May the prison bars shatter as His mercy breaks through.
May you find the love that you crave in the most unexpected places.
May you find that His mercy and His grace truly are new every morning.
and yours can be too. "
I wanted to save her, I wanted to tell her,
"someday you will realize--
the people you judge so harshly are the people who care for you the most.
the people you spit on are the people you are called to serve.
the heritage that disappointed you was given to you by God.
the judgment that you give keeps you from the grace you desperately need. "
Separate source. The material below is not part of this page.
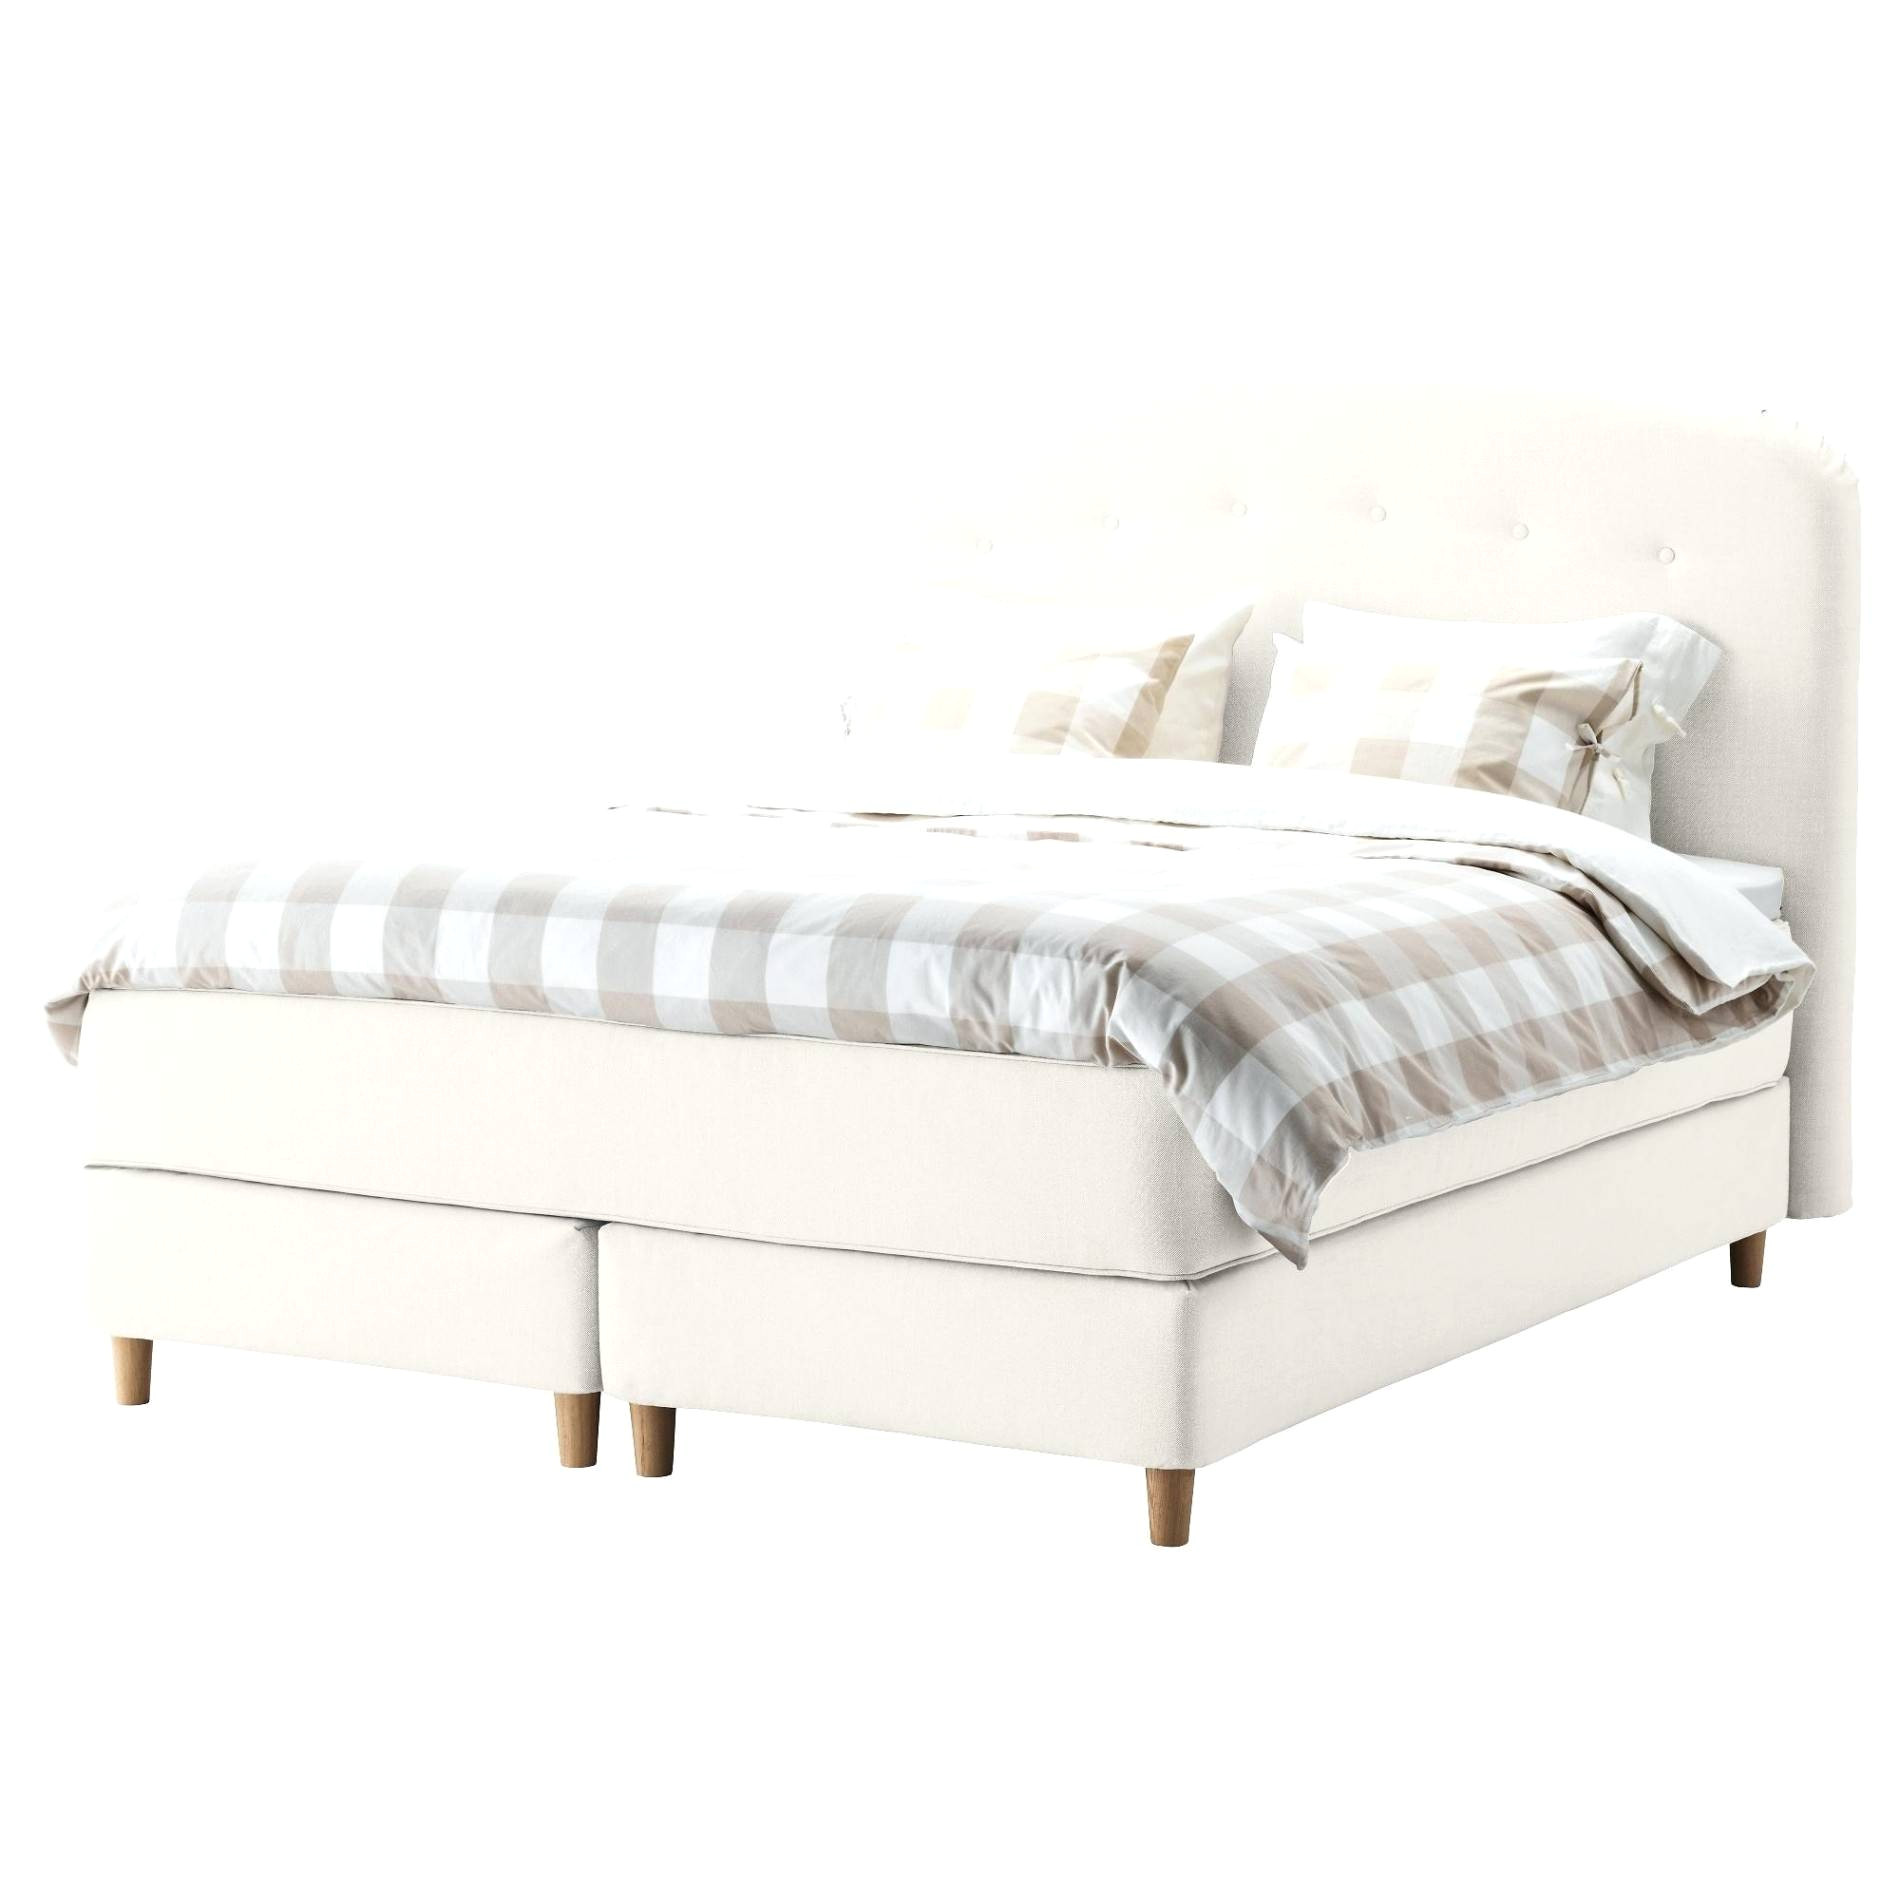 30 luxury ikea skorva bed instructions bedroom designs ideas

But I knew I couldn't. I knew that girl would have to face every heartbreak, and every dark moment, every miracle and every joy the next 10 years would bring and best of all I knew who she would be at the end of those years. The girl whose heart was rather brittle and hard would soften and heal. She would discover that she could fall in love with a 'yankee'. That she actually likes her tea a little less sweet. That severe pain could bring some rather breathtaking and very ALIVE life. That the San Juans would never cease to take her breath away. That God would introduce her to a mercy and a grace and a love that she could hardly begin to imagine. She would eventually find herself surrounded with a beautiful group of friends and family that loved her. She would turn into a glorious mess of a southern girl and a western girl, never fitting in anywhere, but loved anyway. And as I opened the next box, I smiled to myself. I knew the younger me wouldn't trade her experiences for anything, and that is was ALL going to be worth it.